Le titre de cet essai éclaire sans ambiguïté sur l'intention de Monique Canto-Sperber, directrice de recherche au CNRS. Ses réflexions ont été inspirées par un séminaire co-dirigé avec Ruwen Ogien. Depuis sa disparition en 2017 les menaces planant sur la liberté d'expression n'ont pas cessé et la philosophe qui avait dirigé et redressé l'ENS n'entend pas baisser les bras devant la situation dégradée du débat d'idées. Mais l'ouvrage n’est pas qu’un vaste état des lieux.
S’illusionnant sans doute sur la qualité du débat dans la France d’avant, l’auteure montre abondamment que les dérives de la liberté d’expression ont proliféré aujourd’hui. L'université, les réseaux sociaux et le monde des arts et du spectacle sont devenus les lieux où l'entrave au libre débat d'idées se constate le plus. L'université américaine a vu naître la pratique de l'obstruction du libre débat au prétexte de l’offense que subirait la minorité quelle qu’elle soit (ethnique — dite « raciale » aux États-Unis—, sexuelle, ou autre) et cette poussée de « cancelled culture » n’a pas manqué de se diffuser en France même, là où la liberté d’expression est tenue pour une valeur partagée. Les réseaux sociaux ont réussi à regrouper tous les fléaux contemporains : par exemple le harcèlement de collégiens et de lycéens, le chantage à la diffusion de photos pornographiques, les imprécations de l’extrémisme religieux et djihadiste, sans oublier la diffusion de thèses négationnistes à la Faurisson et tout un sinistre cortège de haines antisémites. Enfin la liberté d’expression des artistes a encore perdu une bataille quand par hypocrisie on a fait voiler des nus dans une exposition de sculpture ou décrocher une peinture classique d’une galerie de musée.

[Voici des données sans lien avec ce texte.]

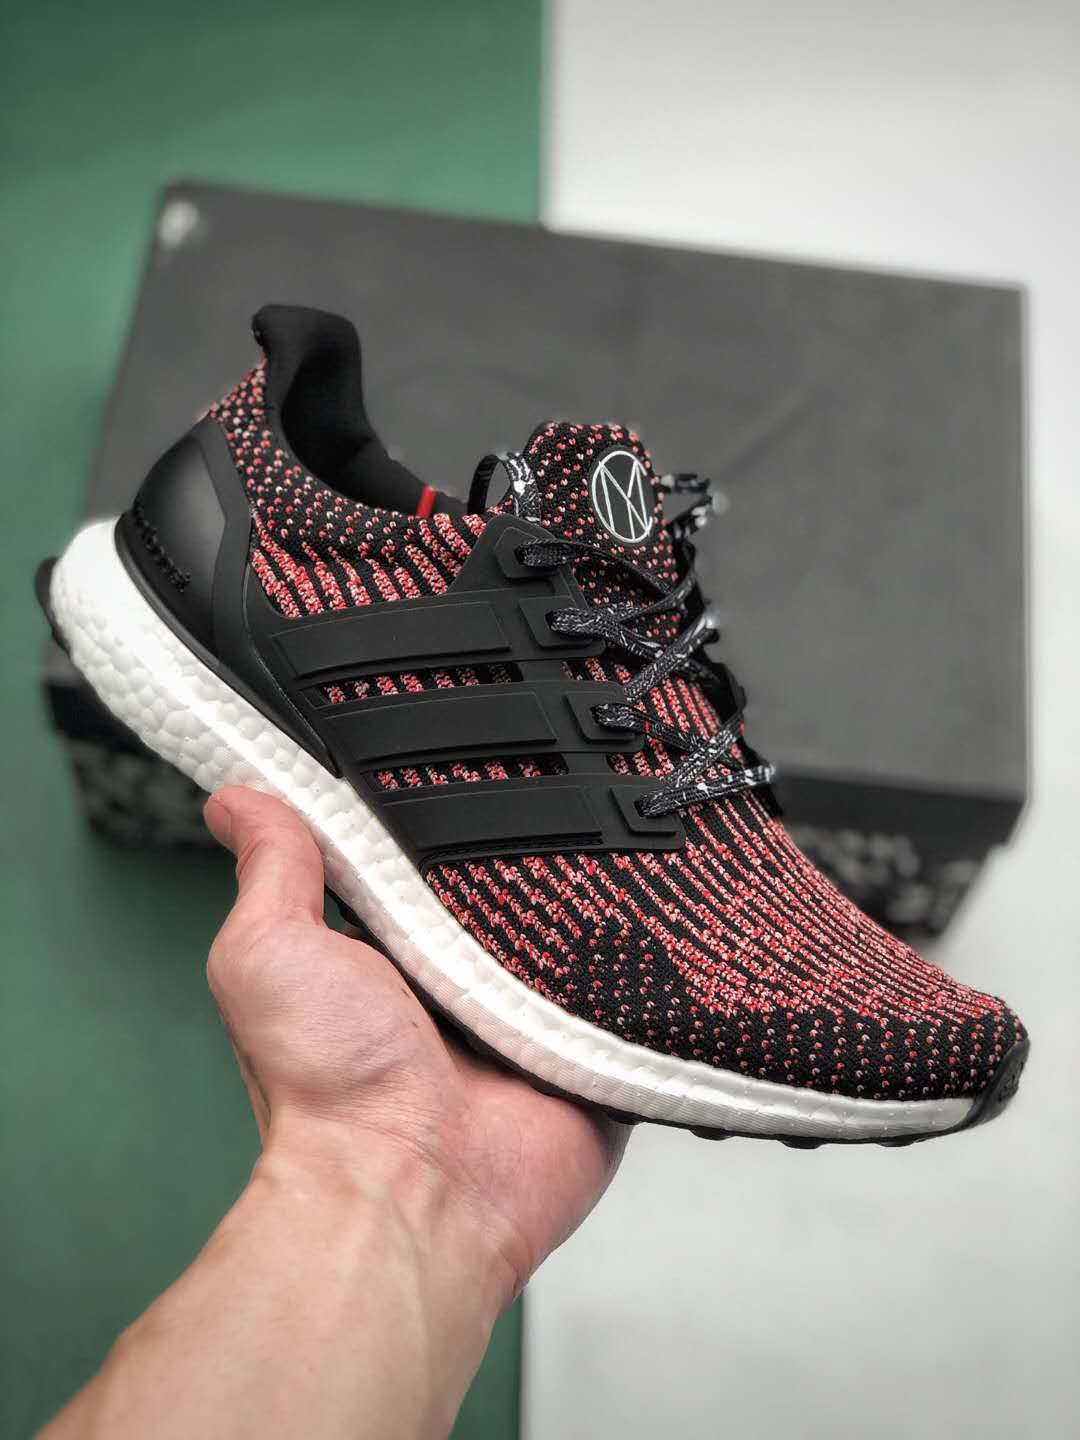 Adidas UltraBoost 3.0 'Chinese New Year' BB3521 - Celebrate with Limited Edition Sneakers

Ces cas d’intolérance sont devenus si courants qu’on en oublie que la tolérance a été un long combat intellectuel mené dans « les pays libéraux » d’abord pour mettre fin aux conflits religieux. Aussi Monique Canto-Sperber rappelle superbement que la liberté de parole, la liberté de conscience, la liberté de la presse, et donc la tolérance, c’est intimement lié à l’histoire de notre pays —et de l’Europe en général— depuis la fin des Guerres de religion. La loi de 1881 a organisé cette liberté d’expression et tout un arsenal juridique permet depuis lors de garantir cette liberté et de sanctionner les délits. Apparemment cela ne suffit pas, et l’auteure nous invite à passer dans la résistance. Contre les dérives actuelles, elle lance un appel à résister : c’est-à-dire ne pas se laisser intimider par les comportements attentatoires à la libre conversation. Cela passe par l’humour et l’ironie, par l’engagement individuel autant que par la réglementation légale à mettre en place pour améliorer la bonne gouvernance des réseaux sociaux — sans oublier une intervention plus rapide de l'institution judiciaire.
• Monique Canto-Sperber : Sauver la liberté d'expression. Albin Michel, 2021, 330 pages.